There's a vast and vicious human trafficking network that supplies Major League Baseball with some of its top players.
It starts with the players, superbly talented young men who seek to escape the poverty of Cuba. And it ends with MLB teams that pay massive contracts to get them.
In the middle is an underworld of smugglers that goes as far as teaming up with Los Zetas -- one of the world's most dangerous drug cartels.
At least 25 Cuban players have been brought into the United States by smugglers since 2004, according to court documents stemming from more than a dozen federal investigations.
In all, the players have paid smugglers more than $11.4 million of their salaries, according to court records.
The public sees a Cuban refugee land a free agent deal worth millions. But behind the scenes, these ballplayers owe their smugglers a hefty portion of their MLB paychecks. Sometimes their families are held prisoner until they sign extortive contracts that turn their smugglers into their sports agents, according to prosecutors and one player's own account.

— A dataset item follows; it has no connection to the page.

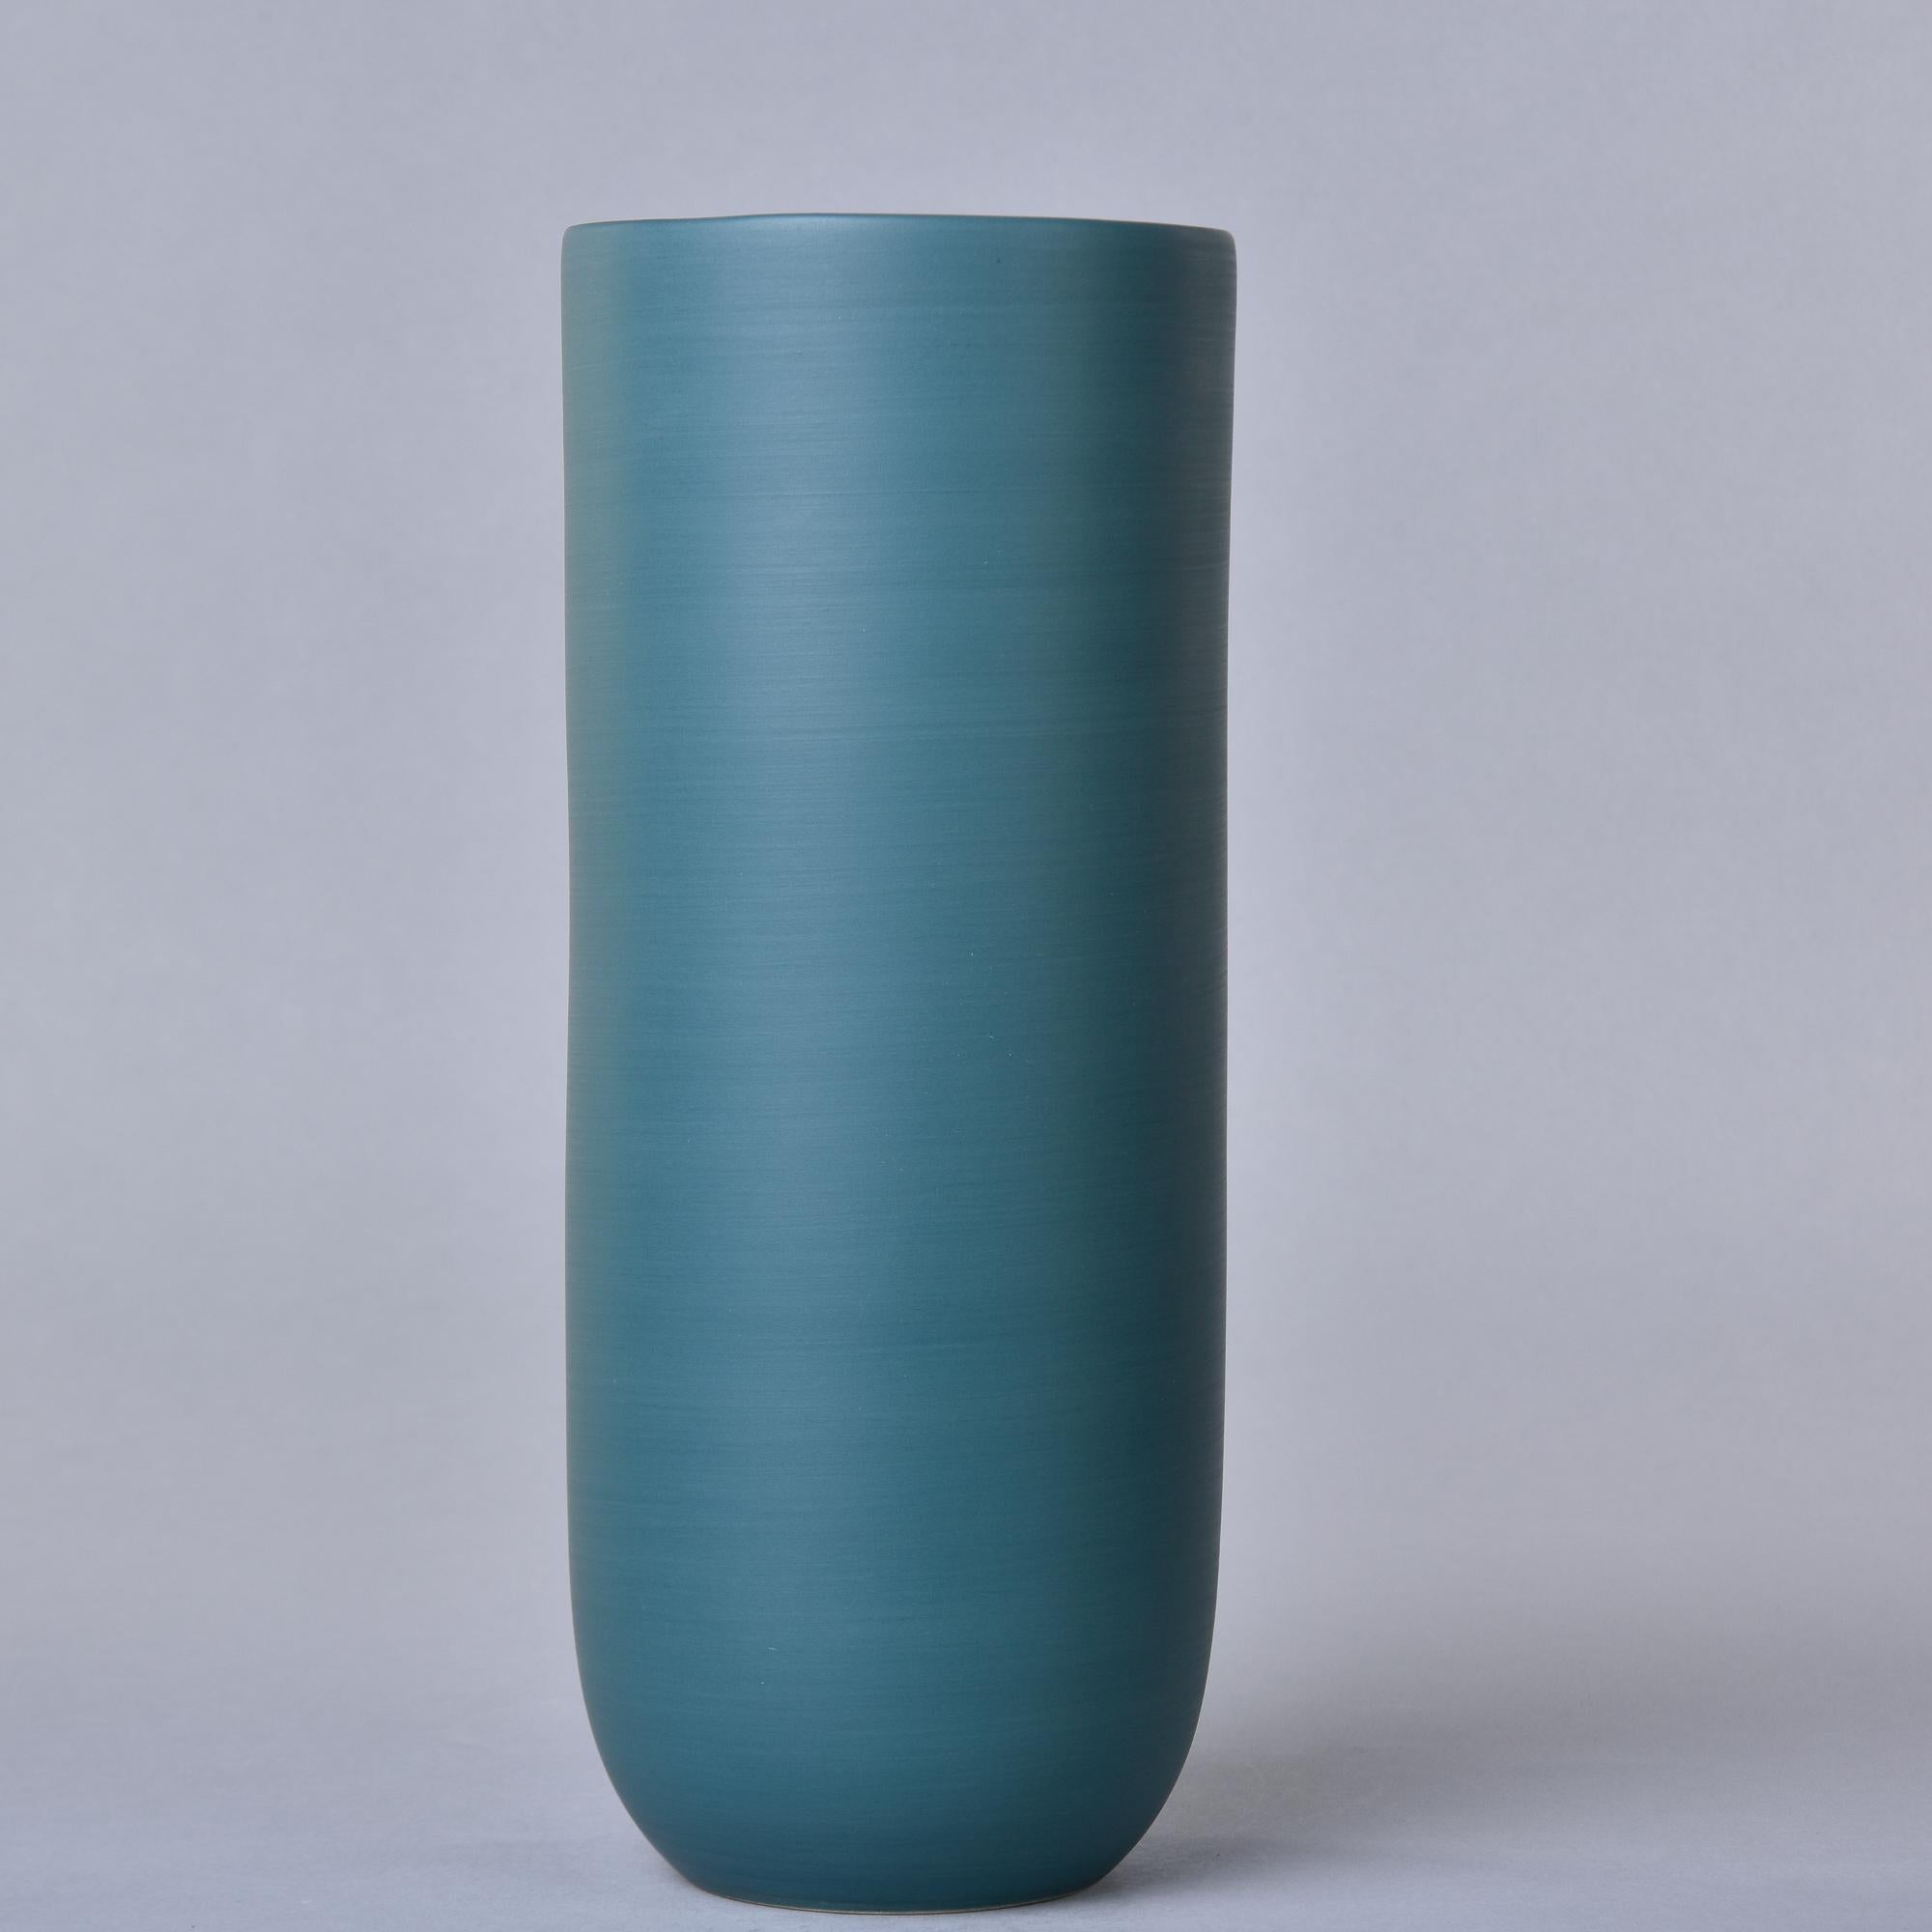 Italian New Rina Menardi Canna 1 Vase in Mint For Sale
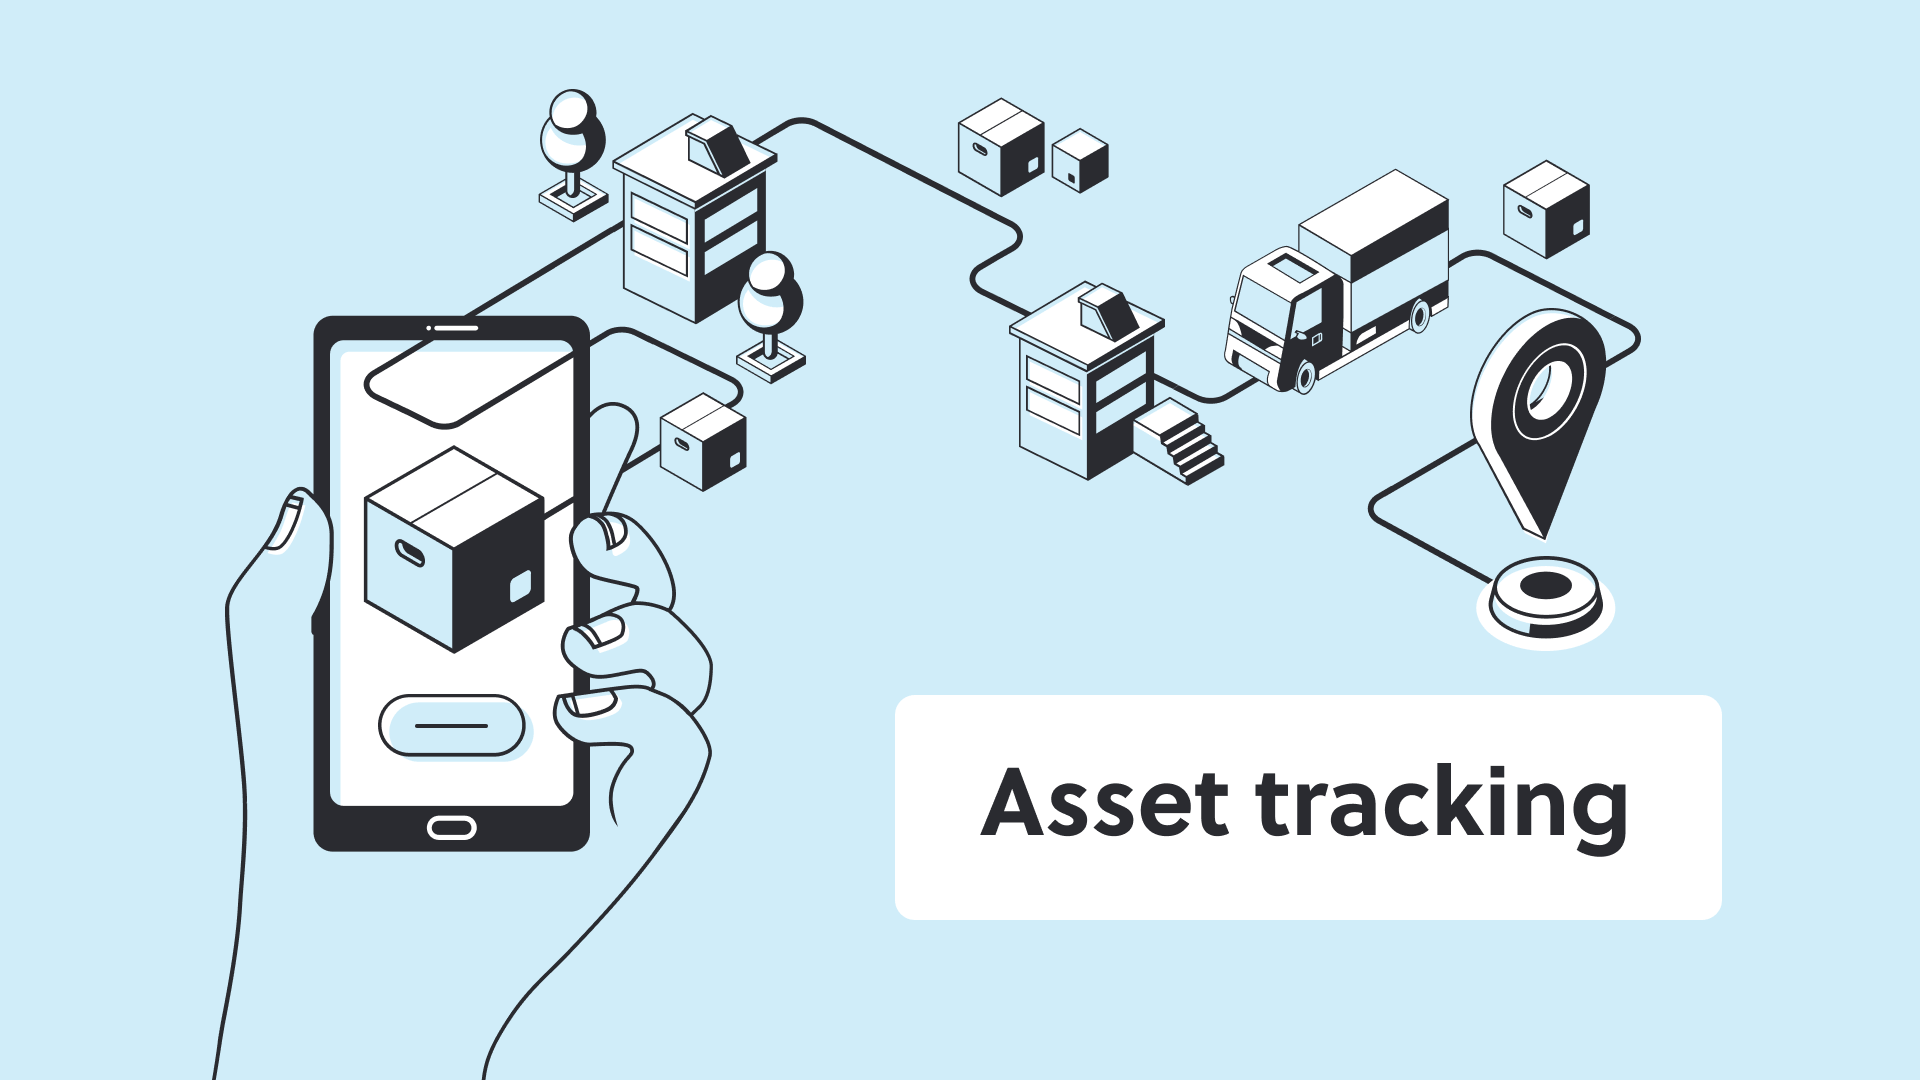 3.Asset tracking

Related: MLB accused of ignoring Cuban baseball player smuggling
Some of these details have been exposed in the past. In 2014, a lawsuit revealed how Cuban slugger Yasiel Puig survived a journey through Mexico's underworld before he signed a mega-million dollar deal with the Los Angeles Dodgers. And in November, federal prosecutors detailed the harsh life in Mexican stash houses, where smugglers threatened to shoot "kidnapped" ballplayers if they tried to escape.
It's a side of baseball MLB does not publicly acknowledge. But new details about this shadowy underworld will finally come to light next month when sports agent Bartolo Hernandez goes on trial in Miami for allegedly taking part in smuggling 17 Cuban players to secure them as clients.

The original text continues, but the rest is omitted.